Differential Expression of hERG1a and hERG1b Modulates the ‘Peak Potential’

In order to address whether differential expression of hERG1a and hERG1b was able to modulate the ‘peak potential’, i.e. the potential where the current peaks during a repolarizing voltage ramp, we transfected HEK293 cells with either hERG1a, hERG1b or both channel subunits. The cells were clamped at +40 mV for 200 ms to activate the channels and then repolarized to −80 mV using a ramp with a slope of −0.12 mV/ms.
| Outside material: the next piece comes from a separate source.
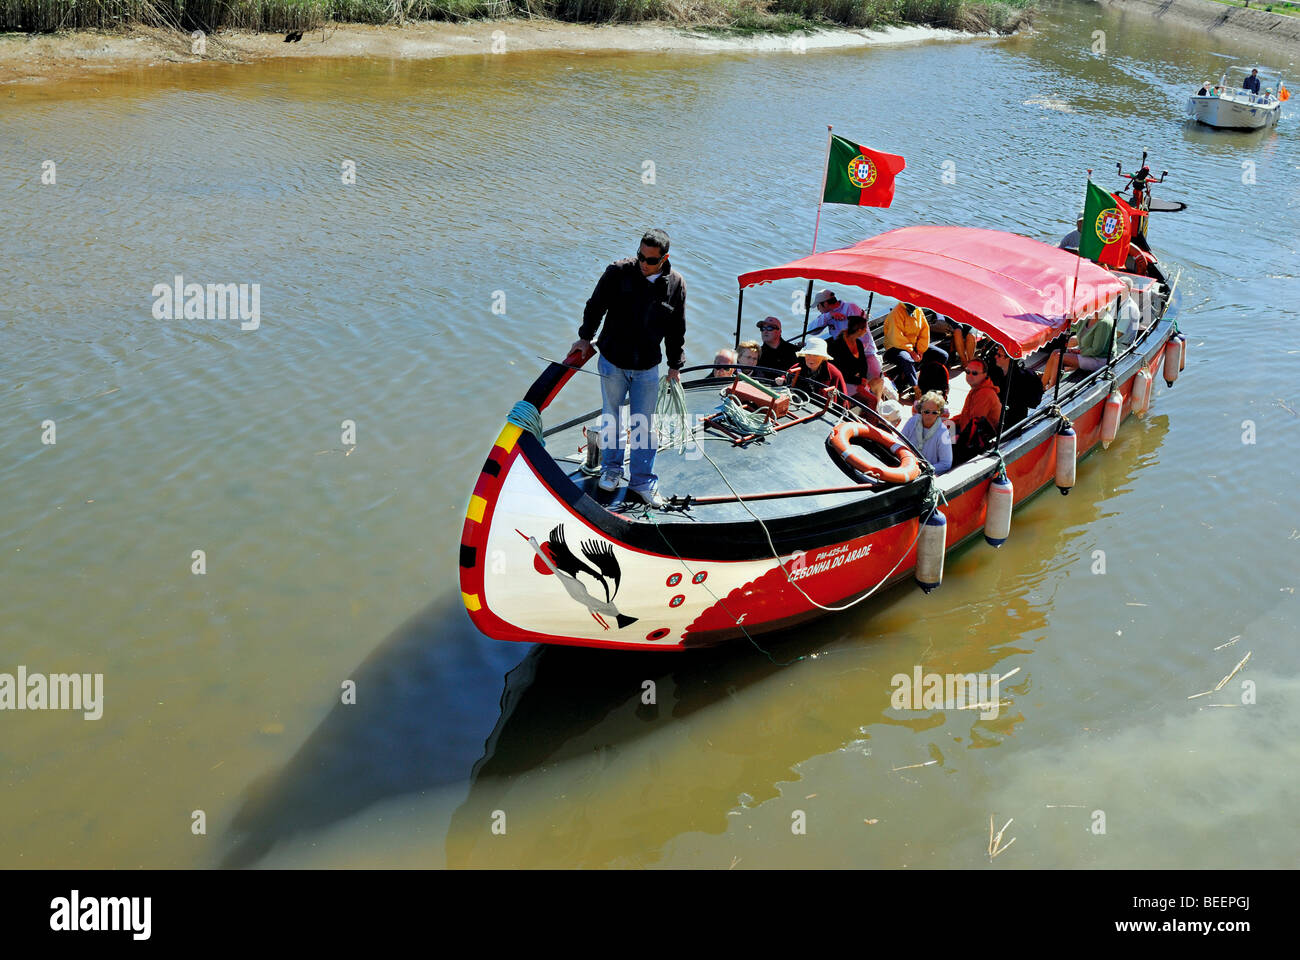 Il Portogallo, Algarve: Excrsion barca con i turisti presso il fiume Arado in Silves Foto Stock

Representative currents recorded during the ramp are shown in figure 2A. Currents were normalized to the maximum peak current for comparison. The data show that expression of hERG1b was able to shift the ‘peak potential’ significantly towards more depolarized potentials. Summary data are shown in figure 2B. To compare peak amplitudes independently of expression levels data was normalized to a value, N, proportional to the number of expressed channels (see Methods for details). For hERG1a channels the ‘peak potential’ was −39.6±1.7 mV, for hERG1a/b channels it was shifted to −19.3±2.9 mV and for hERG1b channels it was 1.9±1.9 mV (P<0.05 for all comparisons). The peak amplitudes, normalized to N, were 0.39±0.01 (hERG1a), 0.35±0.01 (hERG1a/b, P<0.05 compared to hERG1a) and 0.37±0.01 (hERG1b).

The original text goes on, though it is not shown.